Recent Transformer-based diffusion models have shown remarkable performance, largely attributed to the ability of the self-attention mechanism to accurately capture both global and local contexts by computing all-pair interactions among input tokens. However, their quadratic complexity poses significant computational challenges for long-sequence inputs. Conversely, a recent state space model called Mamba offers linear complexity by compressing a filtered global context into a hidden state. Despite its efficiency, compression inevitably leads to information loss of fine-grained local dependencies among tokens, which are crucial for effective visual generative modeling. Motivated by these observations, we introduce Local Attentional Mamba (LaMamba) blocks that combine the strengths of self-attention and Mamba, capturing both global contexts and local details with linear complexity. Leveraging the efficient U-Net architecture, our model exhibits exceptional scalability and surpasses the performance of DiT across various model scales on ImageNet at 256x256 resolution, all while utilizing substantially fewer GFLOPs and a comparable number of parameters. Compared to state-of-the-art diffusion models on ImageNet 256x256 and 512x512, our largest model presents notable advantages, such as a reduction of up to 62% GFLOPs compared to DiT-XL/2, while achieving superior performance with comparable or fewer parameters. Our code is available at https://github.com/yunxiangfu2001/LaMamba-Diff.

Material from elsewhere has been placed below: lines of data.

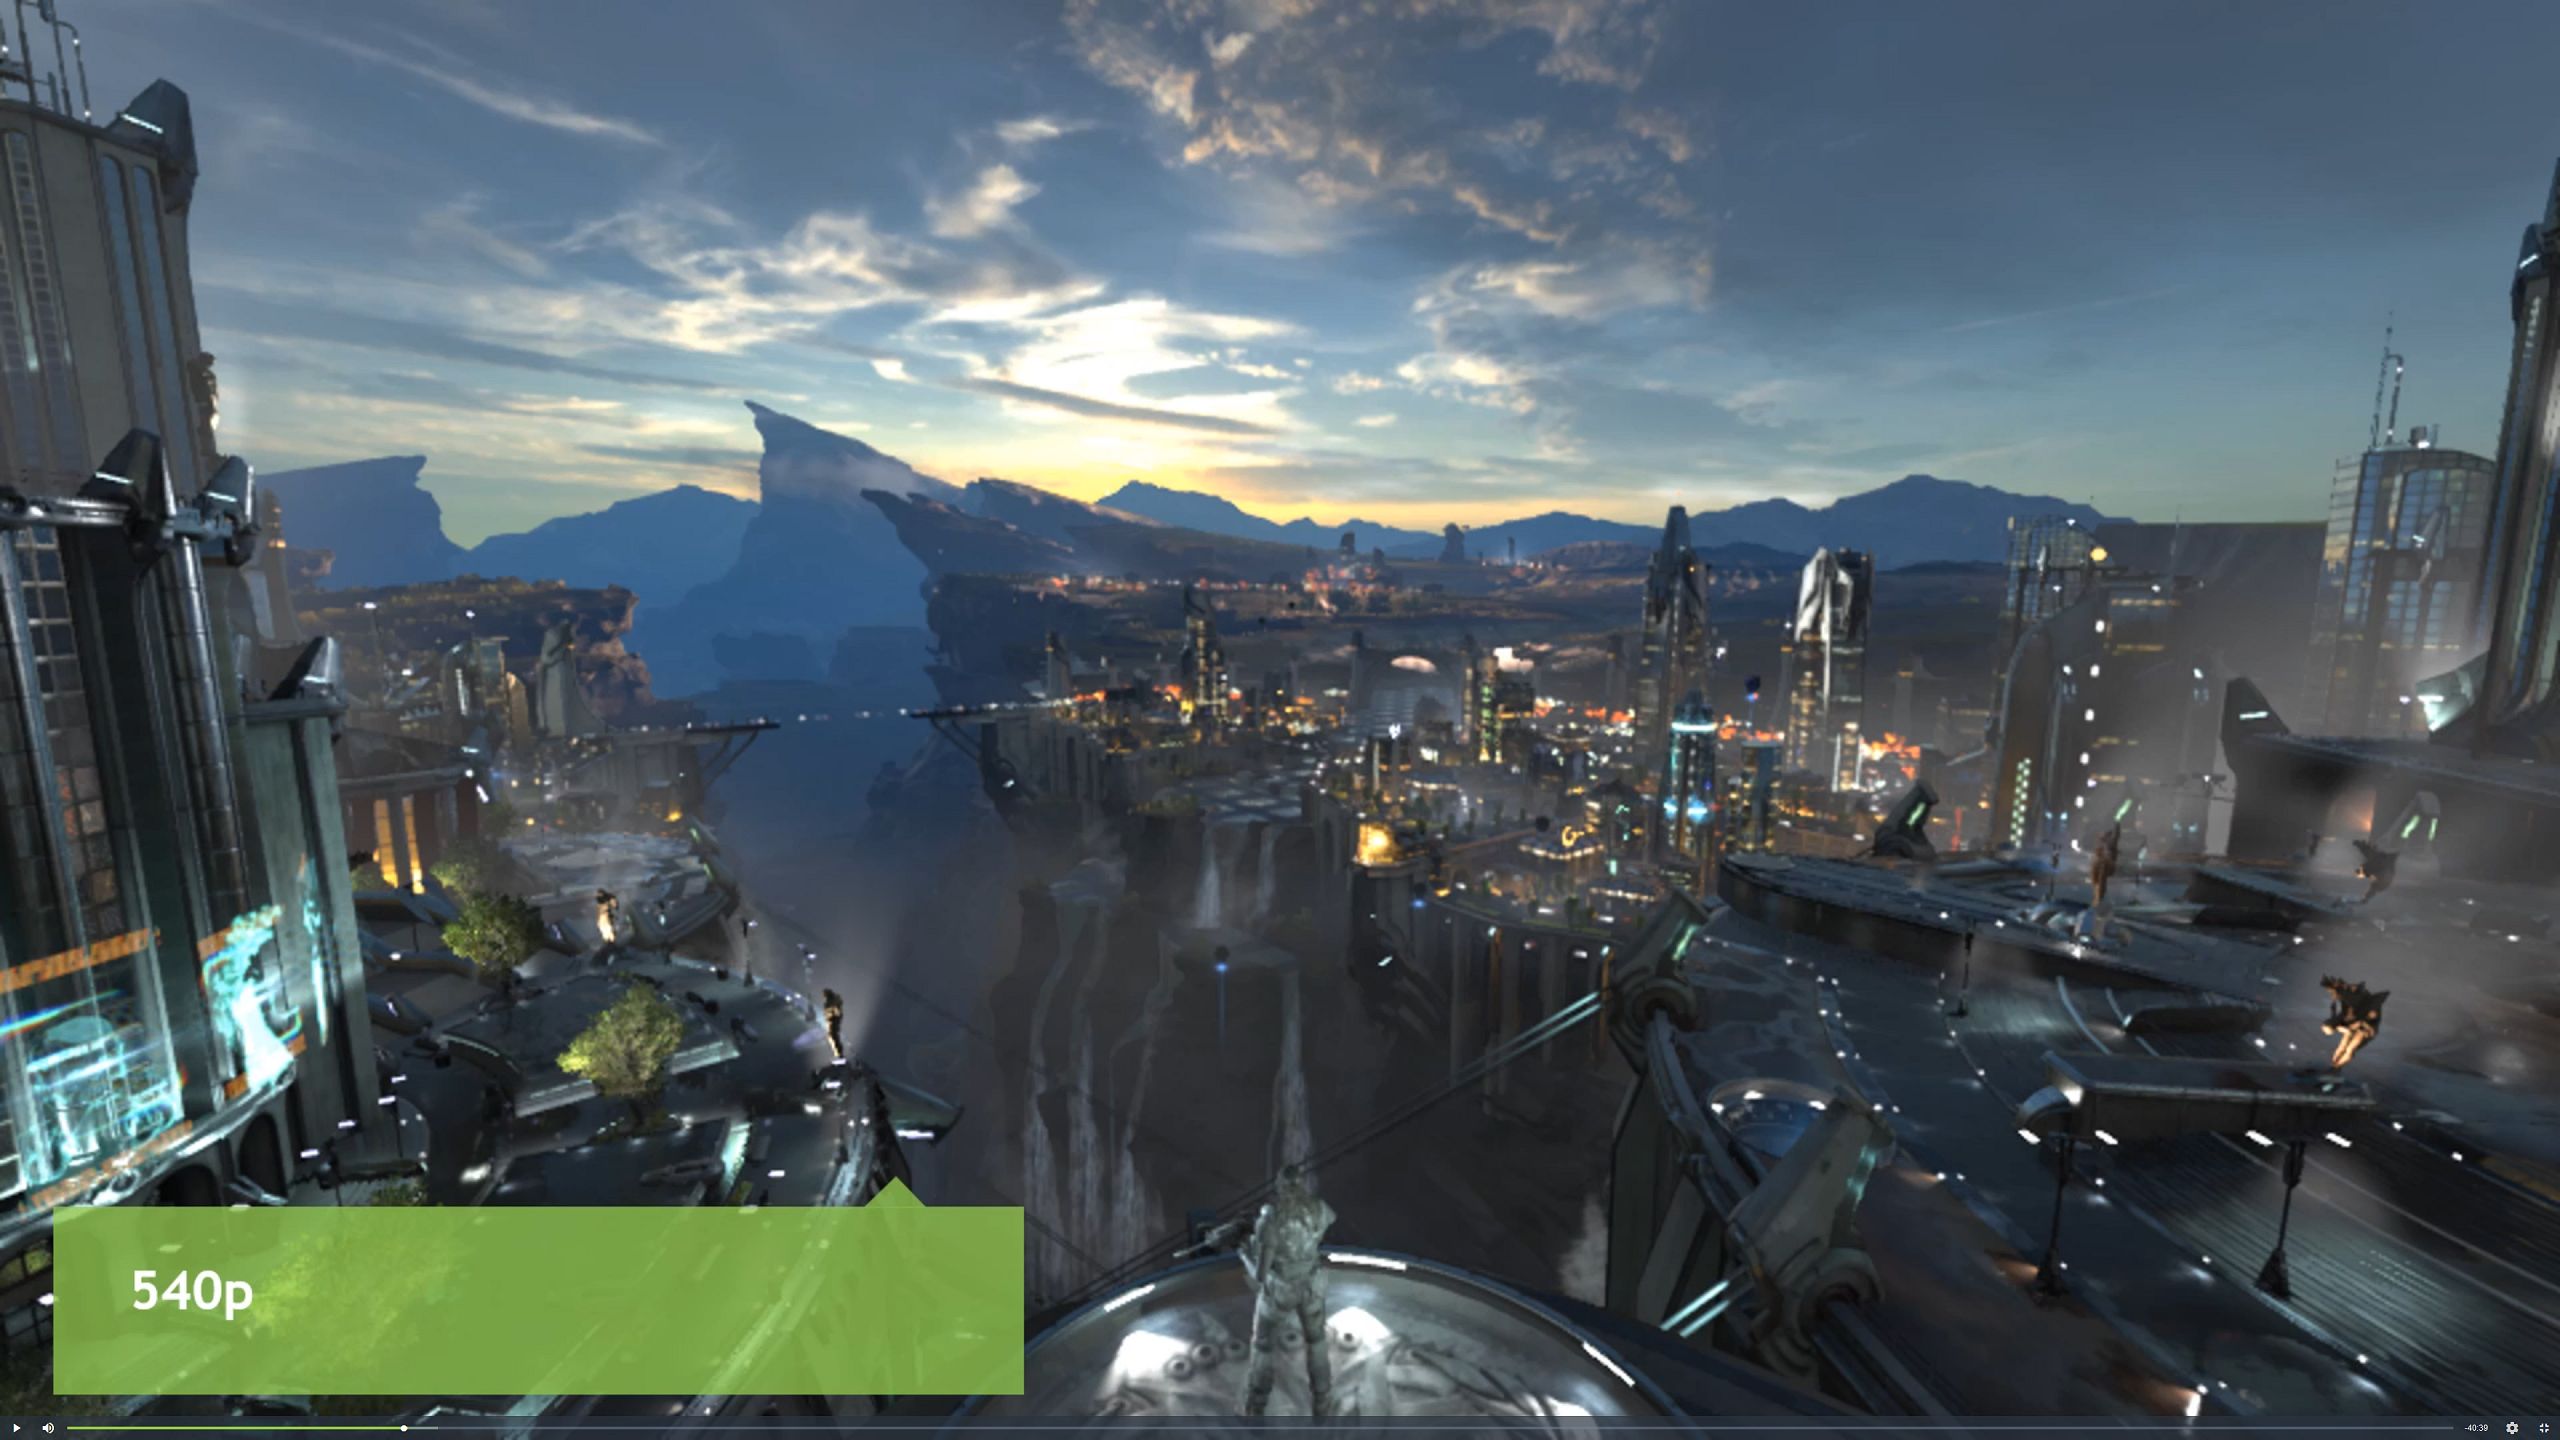 Cities Skylines 2 just got an NVIDIA DLSS 2 Mod
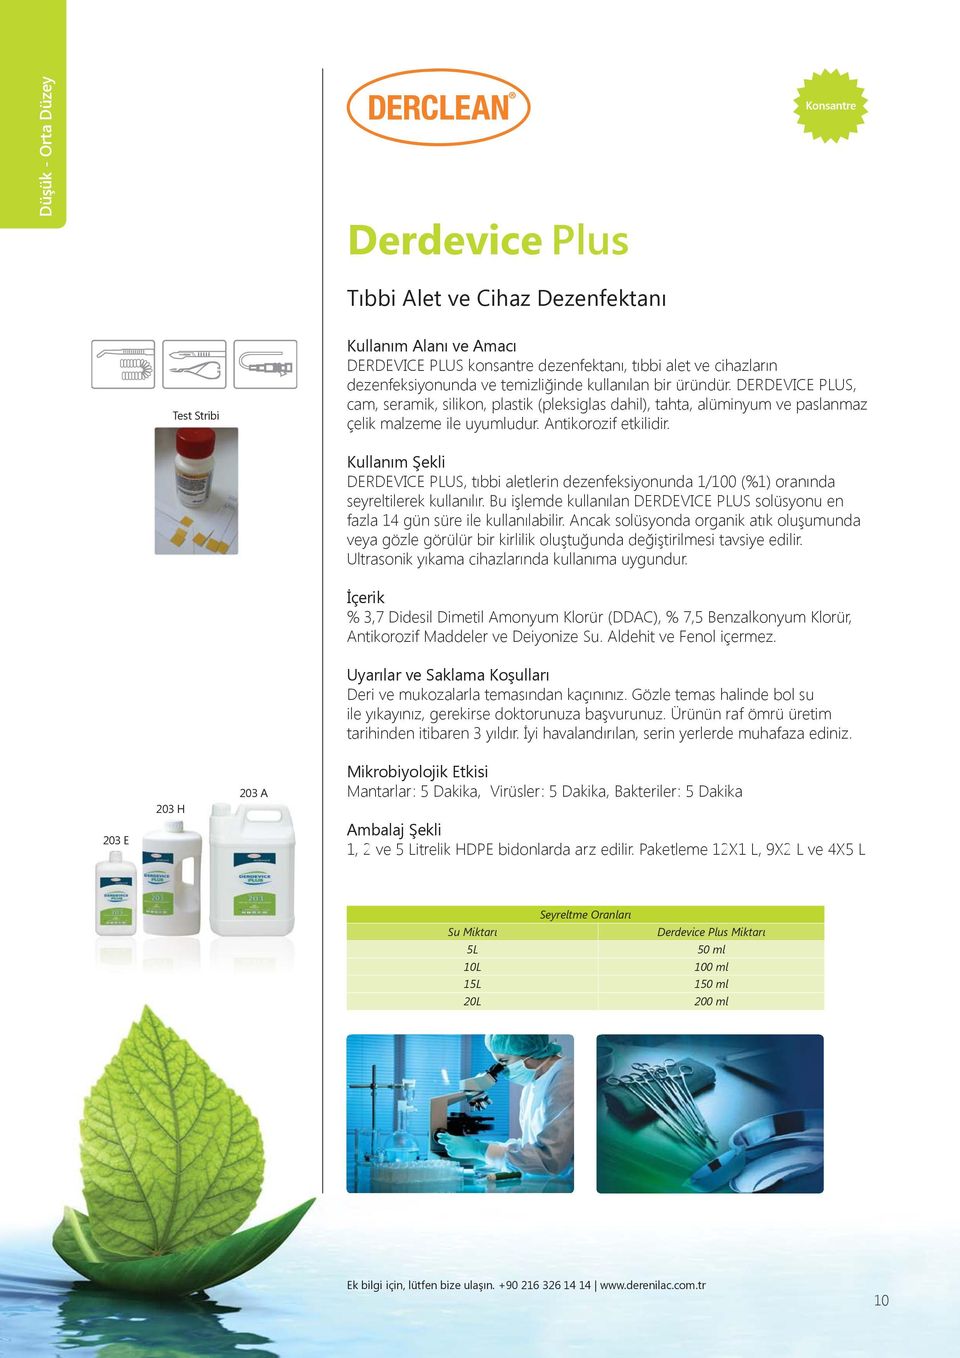 DERDEVICE PLUS, tıbbi aletlerin dezenfeksiyonunda 1/100 (%1) oranında seyreltilerek kullanılır. Bu işlemde kullanılan DERDEVICE PLUS solüsyonu en fazla 14 gün süre ile kullanılabilir.
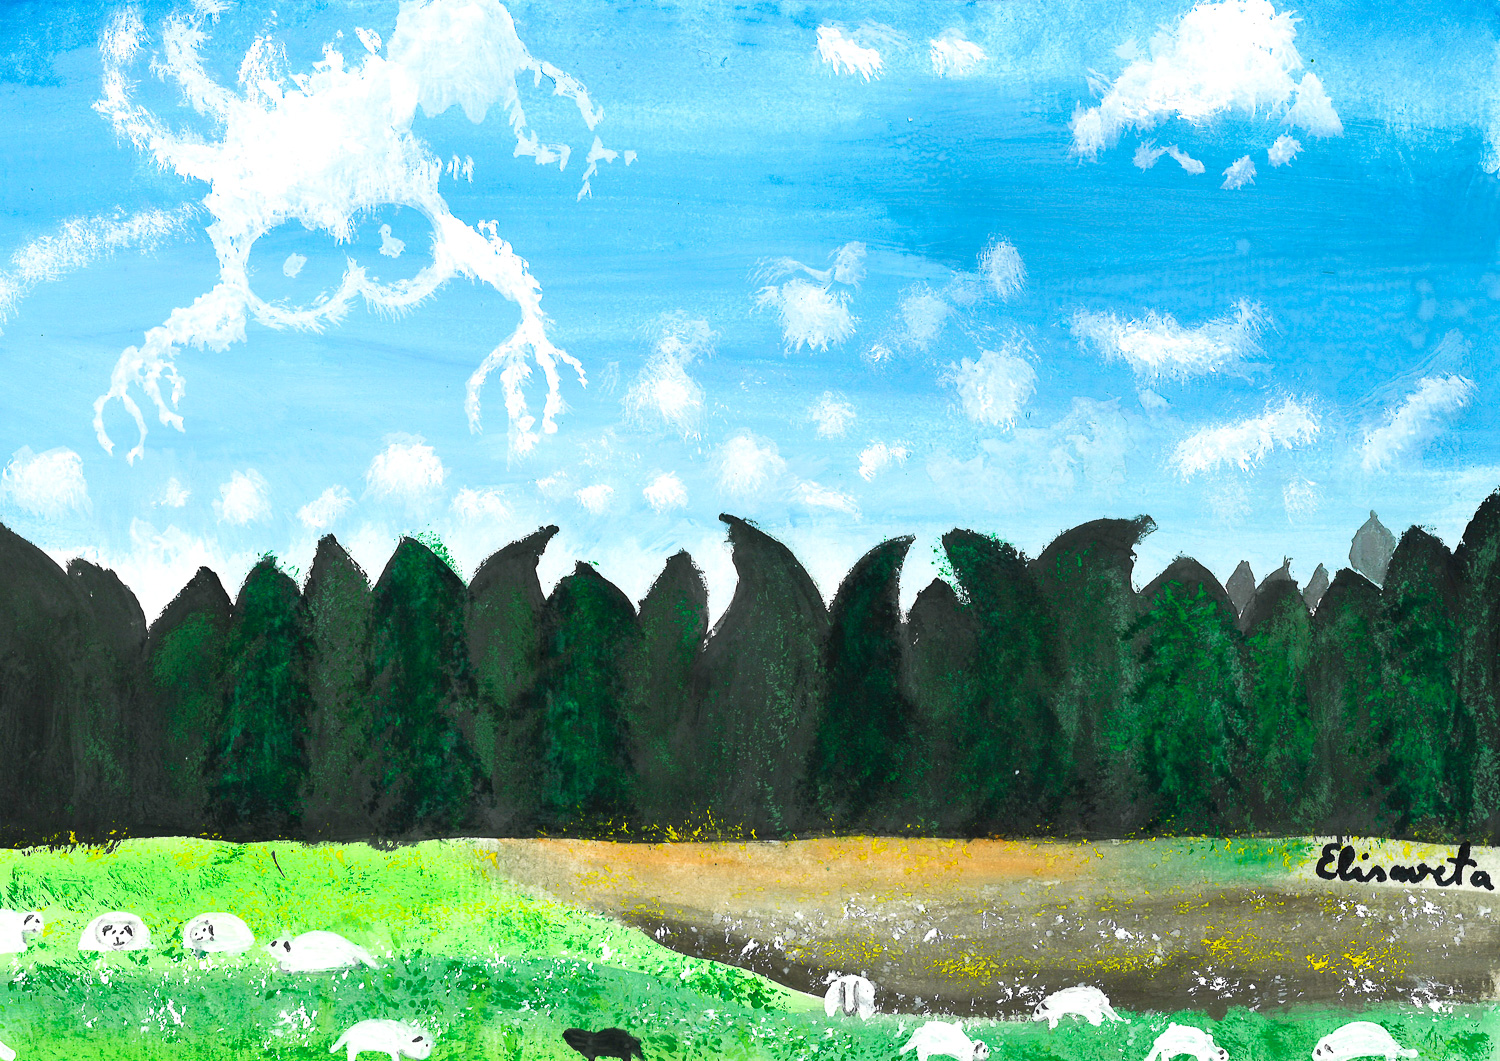 Navitrolla maali "14 lolli lammast ja 1 tark pilv" jäljendamine. / Elisaveta Sipelgas, 7.b klass

翻译：近年来，基于Transformer的扩散模型展现出卓越的性能，这主要归功于自注意力机制通过计算输入标记之间的全对交互，能够精确捕捉全局与局部上下文的能力。然而，其二次复杂度对长序列输入构成了显著的计算挑战。相反，一种名为Mamba的最新状态空间模型通过将经过滤波的全局上下文压缩至一个隐藏状态，实现了线性复杂度。尽管效率很高，但压缩不可避免地导致标记间细粒度局部依赖关系的信息损失，而这对于有效的视觉生成建模至关重要。基于这些观察，我们引入了局部注意力Mamba（LaMamba）模块，它结合了自注意力与Mamba的优势，以线性复杂度同时捕捉全局上下文与局部细节。利用高效的U-Net架构，我们的模型展现出卓越的可扩展性，并在ImageNet 256x256分辨率下，以显著更少的GFLOPs和相当的参数量，超越了DiT在不同模型规模上的性能。与ImageNet 256x256和512x512上的最先进扩散模型相比，我们最大的模型展现出显著优势，例如与DiT-XL/2相比，GFLOPs最多减少62%，同时在使用相当或更少参数的情况下实现了更优的性能。我们的代码可在 https://github.com/yunxiangfu2001/LaMamba-Diff 获取。